2.5. Data Analysis. Statistical analysis was carried out by using the SPSS version 20.0. The results were presented as mean (SD). The chi-square analysis was used to determine the group difference in sex and side of hemiplegia. Paired sample t-test and independent sample t-test were applied to examine the difference within group and between the two groups, respectively. The significance level was set at p < 0.05.

3. Results

Totally, 19 patients were recruited in the study. The demographic characteristics and measurements at the baseline are shown Table 1. There were no significant differences between the two groups at the baseline. All the participants completed the whole trial, and there were no side effect observed.

Based on the data listed in Tables 2-5, the taping group showed an immediate and significant improvement in pain intensity, magnitude of subluxation, and AEMG on the first day immediately after taping, compared with the baseline (p < 0.05), whereas there was no significant changes in the control groups in these outcomes. Both groups showed no significant changes in the AROM in flexion and abduction on the first day (p > 0.05). After 4 weeks of treatment, significant improvement was seen in the taping group in terms of pain intensity, magnitude of subluxation, AEMG, and AROM (both flexion and abduction). Based on the baseline, the amount of improvement in the pain intensity, magnitude of subluxation, AEMG, and AROM were significantly greater than the control group (p < 0.05).
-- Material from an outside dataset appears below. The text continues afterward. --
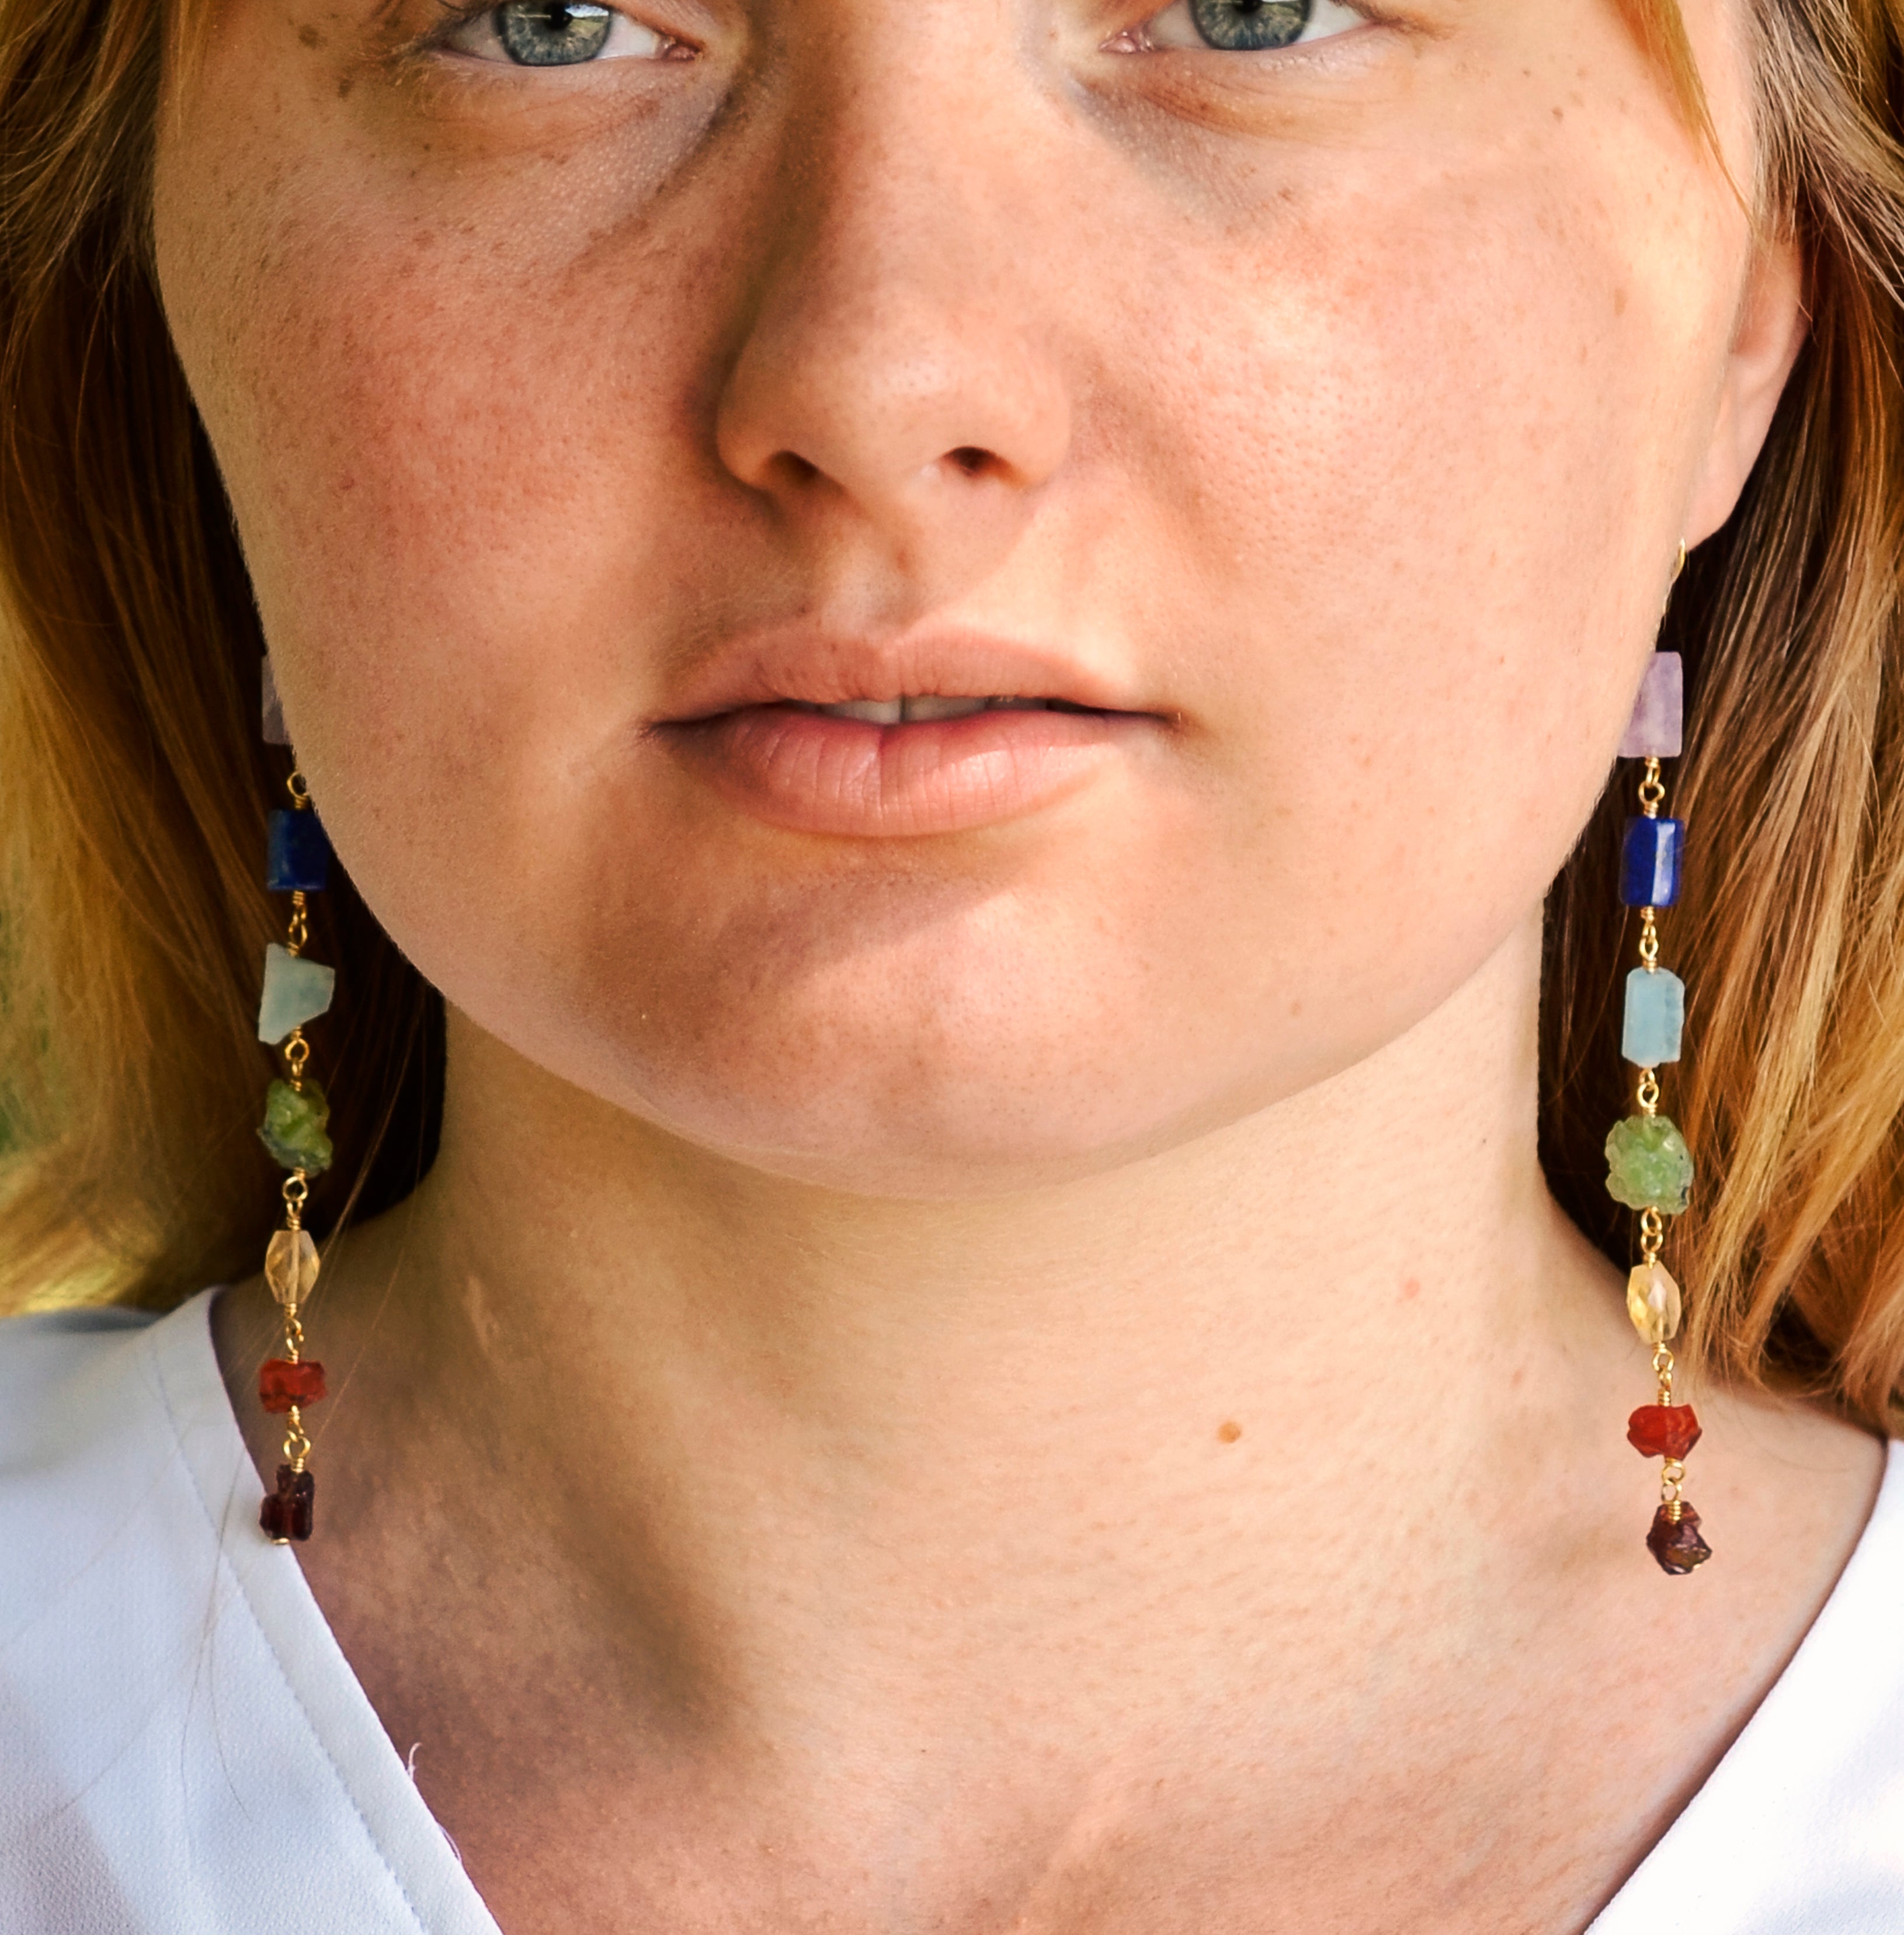 Third Eye Chakra Earrings | The Third Eye Chakra represents intuition

The statistical power was calculated by using the software G*Power. The calculation was based on the primary measure, NPRS. The power is 0.99 which indicates that power level is acceptable, and the sample size is enough for this study.

4. Discussion

To our knowledge, this is the first study aimed at exploring the effects of kinesiology taping on HSP in terms of pain, shoulder subluxation, AROM, and muscle activity of the shoulder. The results indicated that kinesiology taping is an effective method for HSP management.

It has been noticed that some other types of taping methods were trialled to examine their effect on HSP. Despite the difference in tapes and taping methods, most of these studies focused on the effect of taping on preventing the development of HSP [27, 28]. As far as we know, few studies examined the effectiveness of kinesiology taping in treating HSP.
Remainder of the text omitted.